## DATA SECTION
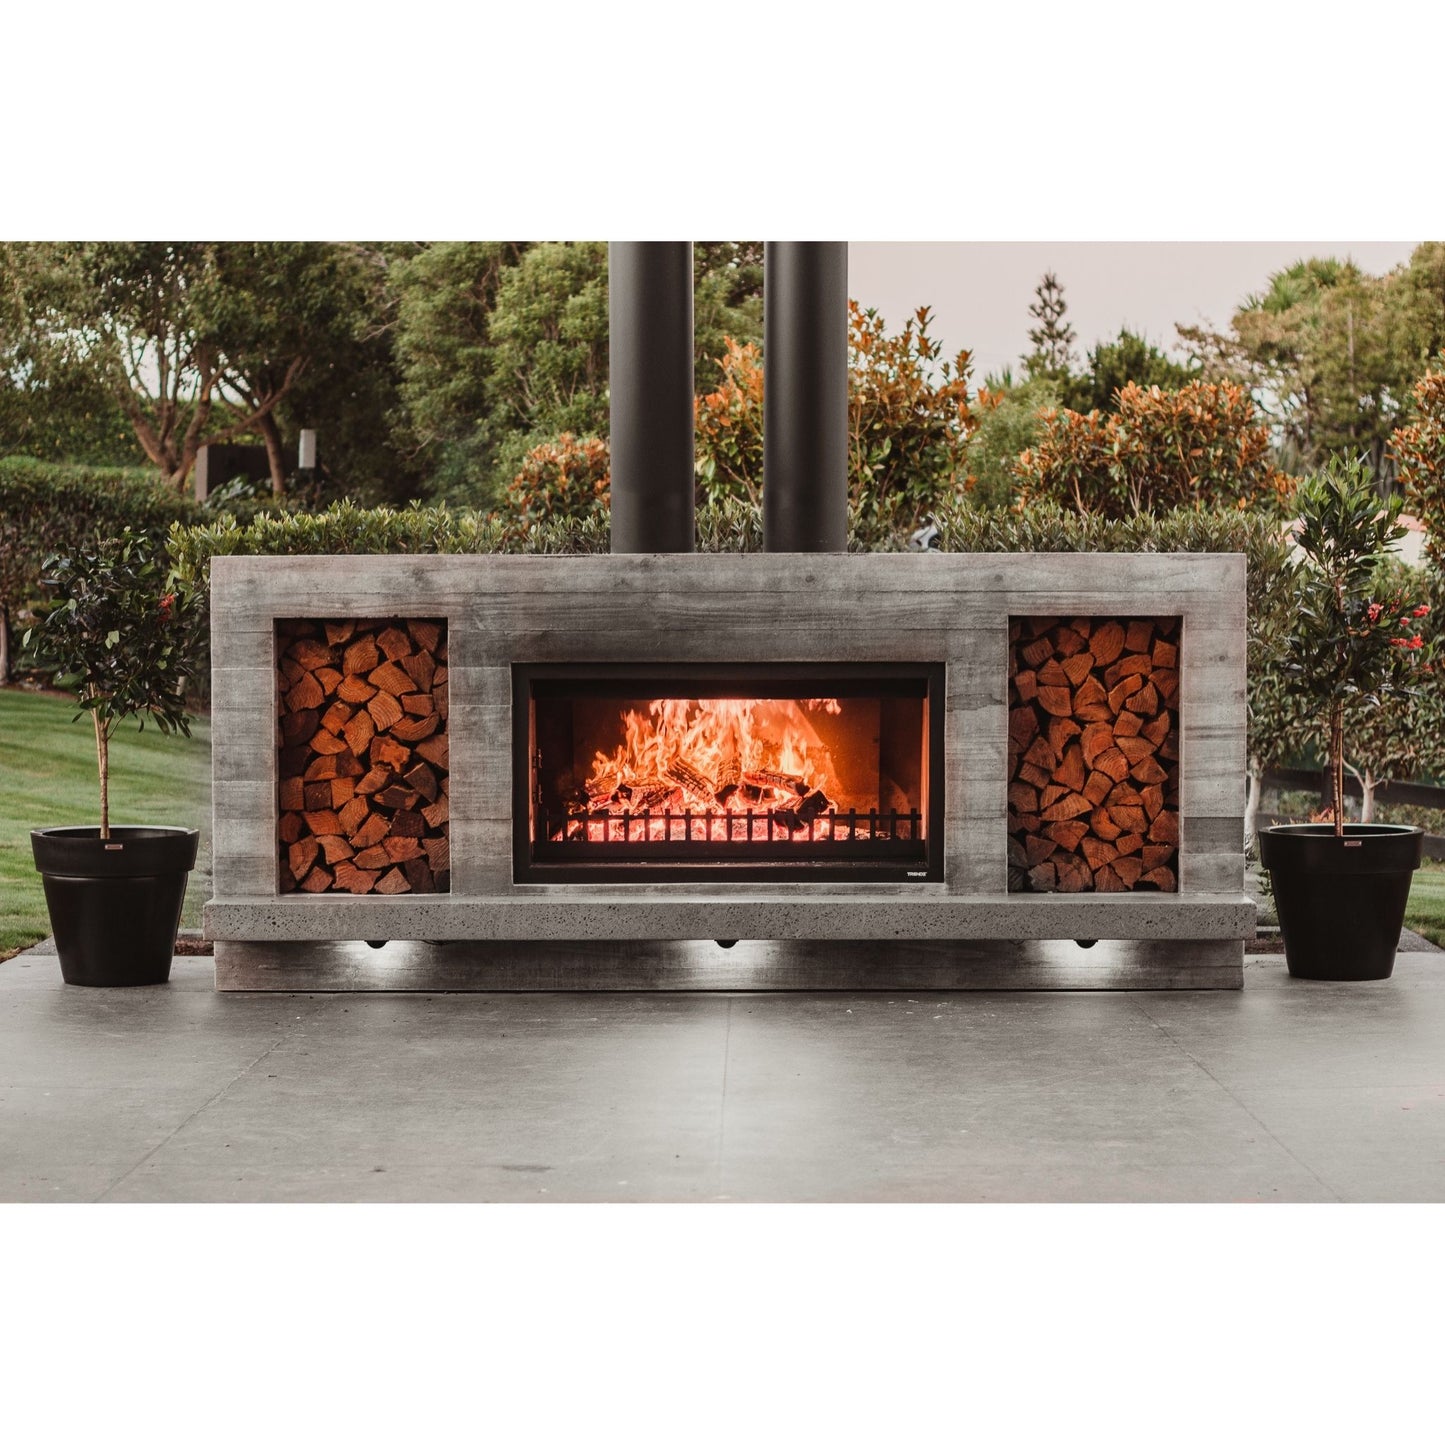 Large black Modscene planters by an outdoor fireplace. The fireplace is a Trendz Outdoors fireplace.
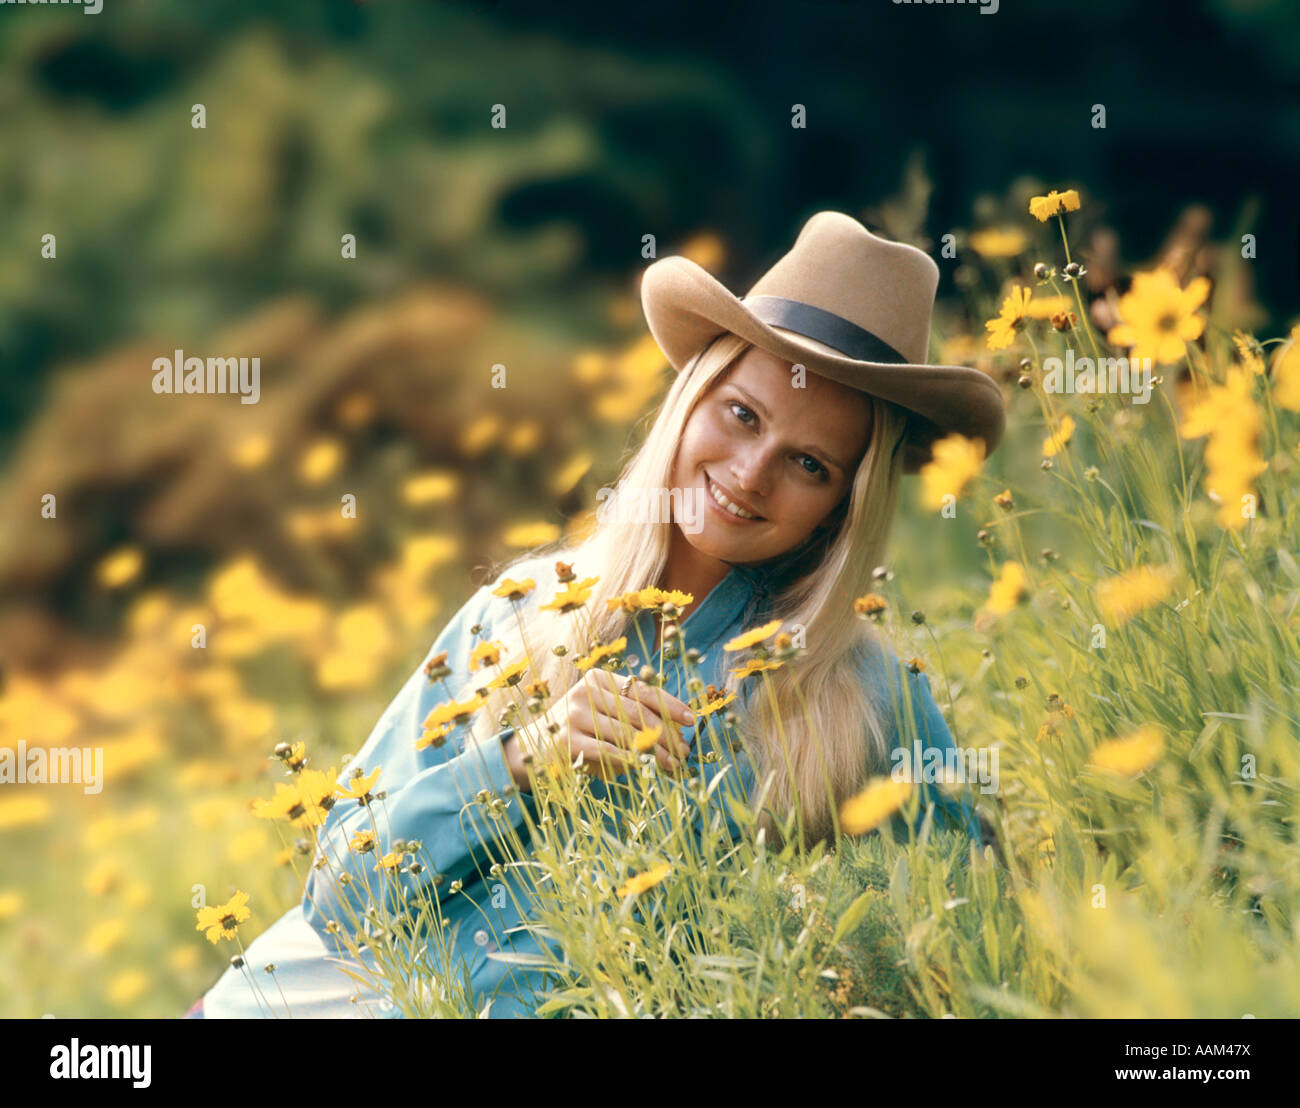 1970s RETRO BLOND WOMAN WEARING COWBOY HAT SITTING IN A FIELD OF BUTTERCUP WILD FLOWERS SMILING Stock Photo
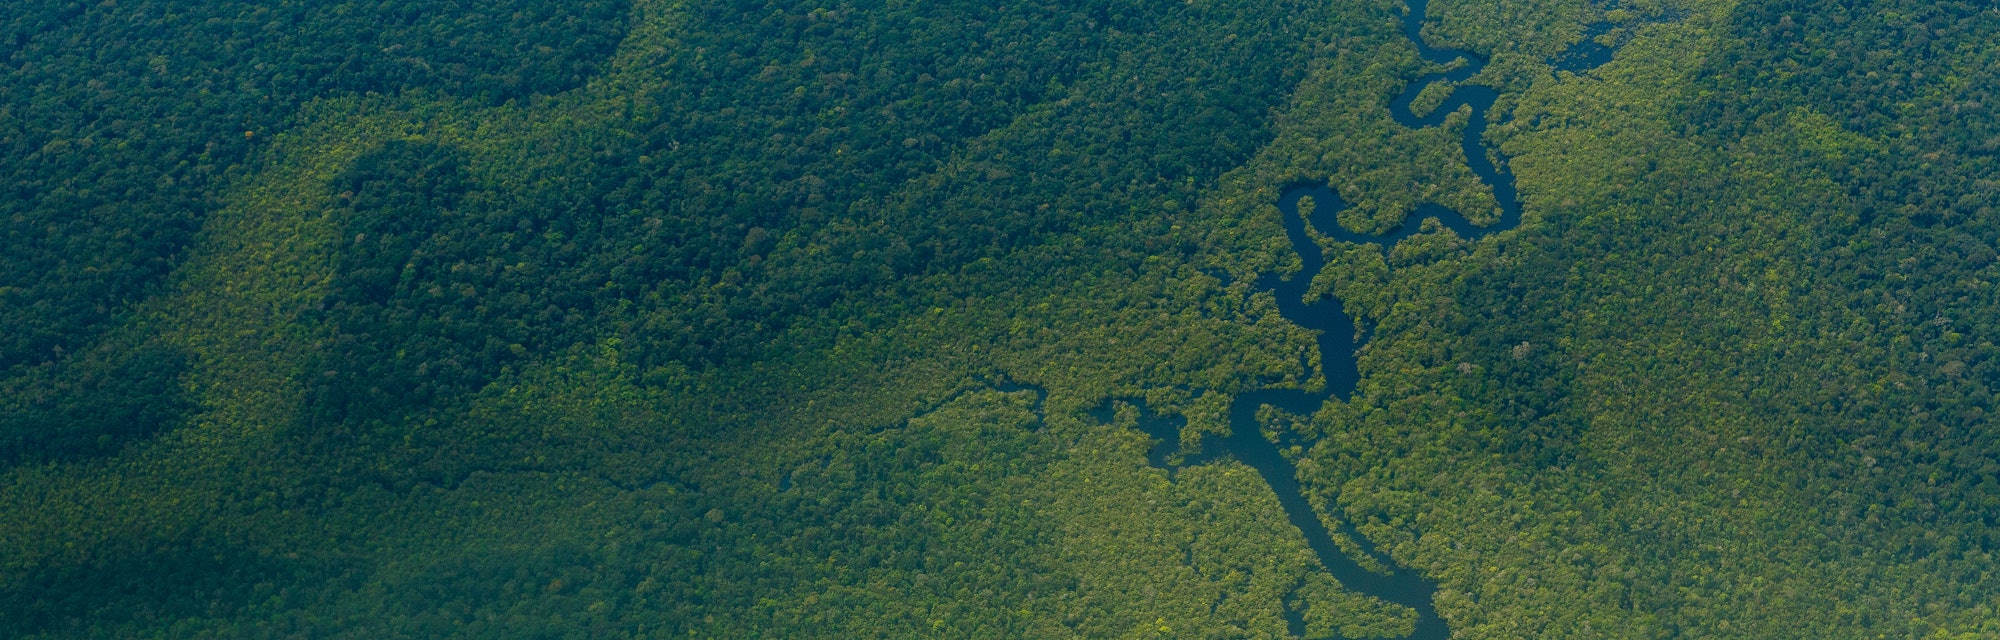 Scientists Made A Counterintuitive Discovery About The Amazon Rainforest

## TASK STATEMENT
Give back the material above exactly, with each picture removed.

## ANSWER TO THIS TASK
 Large black Modscene planters by an outdoor fireplace. The fireplace is a Trendz Outdoors fireplace.
 1970s RETRO BLOND WOMAN WEARING COWBOY HAT SITTING IN A FIELD OF BUTTERCUP WILD FLOWERS SMILING Stock Photo
 Scientists Made A Counterintuitive Discovery About The Amazon Rainforest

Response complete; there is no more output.